Shape<_128,_128,_32> denotes a type rather than a value, and the compiler must instantiate every dependent template once per distinct shape. The result is long compile times.

Compile Time: The Cost of Templates

We compiled 48_hopper_warp_specialized_gemm, a single CuTe-based GEMM file of roughly 500 lines, with -c and no benchmark harness, inside an nvidia/cuda:12.5.0-devel-ubuntu22.04 container, invoking nvcc -std=c++17 -arch=sm_90a. The steady-state nvcc time, averaged over two warm runs on a consumer laptop, was:

~20.5 s compiling single kernel for single architecture

A full CUTLASS build targets several architectures, and the cost multiplies accordingly. NVIDIA’s own bug tracker records over fifteen minutes to compile two Ampere i16832gemm_s8 kernels (issue #1042) and approximately two minutes for a 30-line CuTe-DSL kernel (issue #2677). The NVIDIA developer blog post introducing the CuTe Python DSL in November 2025 frames its principal contribution as “up to two orders of magnitude reduced” compile times relative to C++ CUTLASS, with a quoted “~100x compilation speedup” for Blackwell GEMM and “30-50x” for flash attention.

C++ templates compile too slowly for the iteration speed that kernel authors need.

Triton: DSL Embedded Into Python

Using Triton is straightforward: decorate a Python function with @triton.jit, mark the compile-time parameters with tl.constexpr, and write the kernel body in something close to NumPy. Triton also simplifies the programming model, focusing on the tile a single thread block operates on, rather than on the code for an individual thread.

@triton.jit
def softmax_kernel(output_ptr, input_ptr,
                   input_row_stride, output_row_stride,
                   n_rows, n_cols,
                   BLOCK_SIZE: tl.constexpr,
                   num_stages: tl.constexpr):
    row_start = tl.program_id(0)
    row_step  = tl.num_programs(0)
    for row_idx in tl.range(row_start, n_rows, row_step, num_stages=num_stages):
        row_start_ptr = input_ptr + row_idx * input_row_stride
        col_offsets   = tl.arange(0, BLOCK_SIZE)
        input_ptrs    = row_start_ptr + col_offsets
        mask          = col_offsets < n_cols
        row           = tl.load(input_ptrs, mask=mask, other=-float('inf'))
        row_minus_max = row - tl.max(row, axis=0)
        numerator     = tl.exp(row_minus_max)
        denominator   = tl.sum(numerator, axis=0)
        softmax_out   = numerator / denominator
        output_ptrs   = output_ptr + row_idx * output_row_stride + col_offsets
        tl.store(output_ptrs, softmax_out, mask=mask)

triton/python/tutorials/02-fused-softmax.py, lines 84–109.

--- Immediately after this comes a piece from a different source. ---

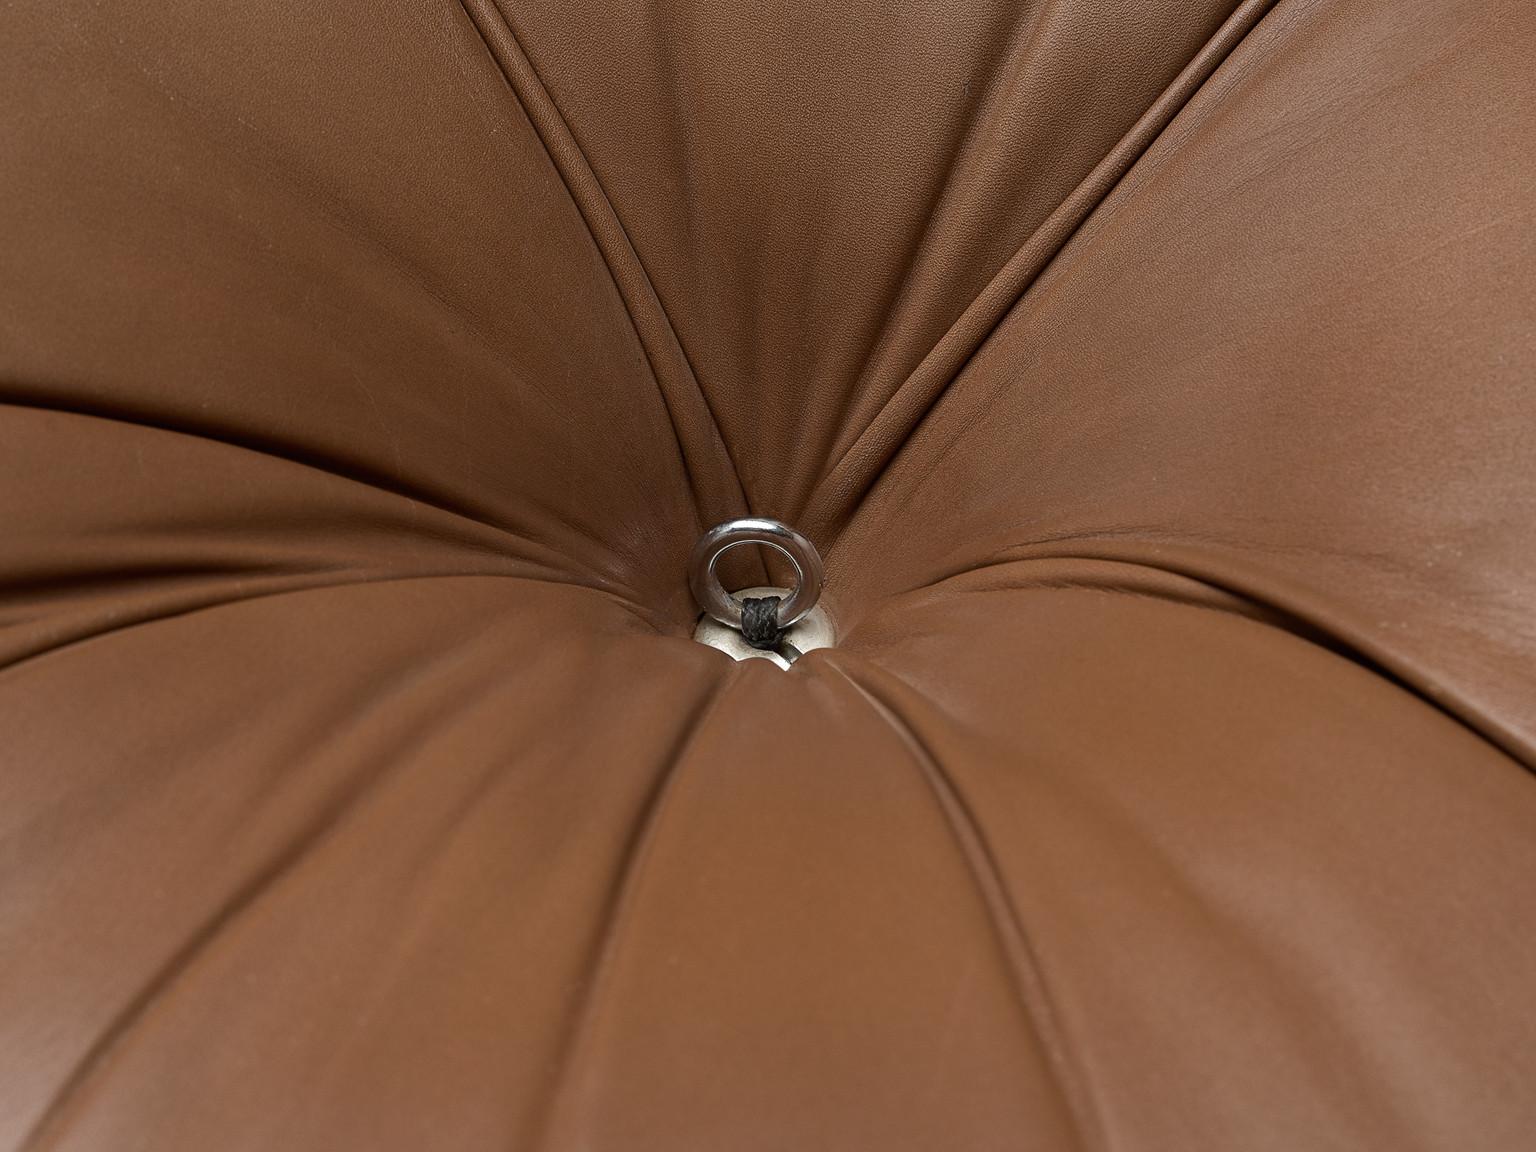 Mario Bellini 'Camaleonda' Modular Sofa in Original Brown Leather 2

Triton is a pleasure to use when it works: the program reads cleanly and does what one would expect. Integration into PyTorch is first-class, there is no build system to set up, and it is relatively hard to construct a malformed program that triggers a crash. However, writing a reusable, generic set of libraries in Triton is another matter.

Parsing Limitations

Suppose we want to expose a fused matmul whose epilogue (activation, scaling, or fusion applied to the accumulator after the inner product) can be supplied by the caller as a Python callable:

matmul(A, B, activation=lambda x: tl.where(x > 0, x, 0))

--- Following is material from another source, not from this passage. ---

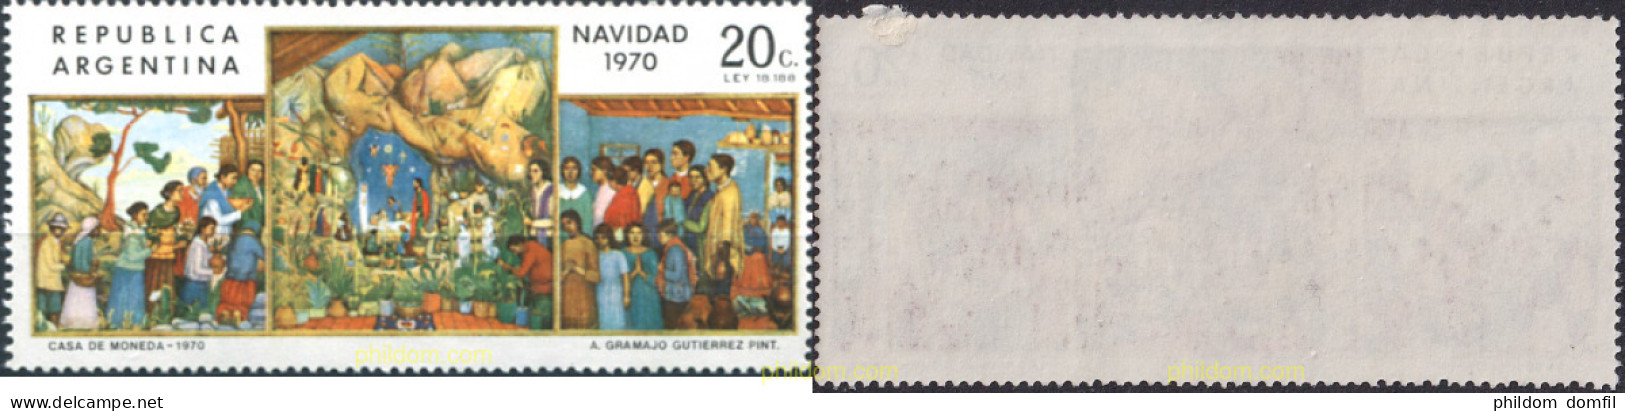 727270 MNH ARGENTINA 1970 NAVIDAD - Ungebraucht

In a tracing-based framework this is one line: the user hands in a Python callable, and the trace records whatever operations the callable performs. In Triton it is awkward to achieve, and almost every other limitation in this section is a variation of the same underlying constraint.

What the Ecosystem Actually Does

Before we look at why, it helps to see how production kernel libraries handle this in practice. Across Liger-Kernel and FlagGems (Triton), Quack (CuTe-DSL), and DeepGEMM (CUDA), the answer is consistent: enumerate variants statically, dispatch by enum or string tag, never accept a runtime callable. Quack’s GEMM signature is representative:

def gemm_act_tuned(
    A, B, preact_out, postact_out,
    C=None, bias=None,
    activation: Literal[None, "relu", "relu_sq", "gelu_tanh_approx"] = None,
    ...
):

quack/quack/gemm_interface.py, line 158. Gated variants are similarly enumerated: Literal["swiglu", "swiglu_oai", "reglu", "geglu", "glu"].

Why Lambdas Fail

If we try to pass a callable in Triton (say, matmul(A, B, activation=lambda x: tl.where(x > 0, x, 0))), it fails at compile time:

CompilationError: at 4:25: ... ACTIVATION(x)
ValueError("Did you forget to add @triton.jit ? (`_semantic`
argument must be provided outside of JIT functions.)")

Following the error’s advice and wrapping the lambda in triton.jit fails earlier, during construction of the JITFunction object:

File "triton/runtime/jit.py", line 1110, in get_def_col_number
    raise ValueError("No function definition found for kernel")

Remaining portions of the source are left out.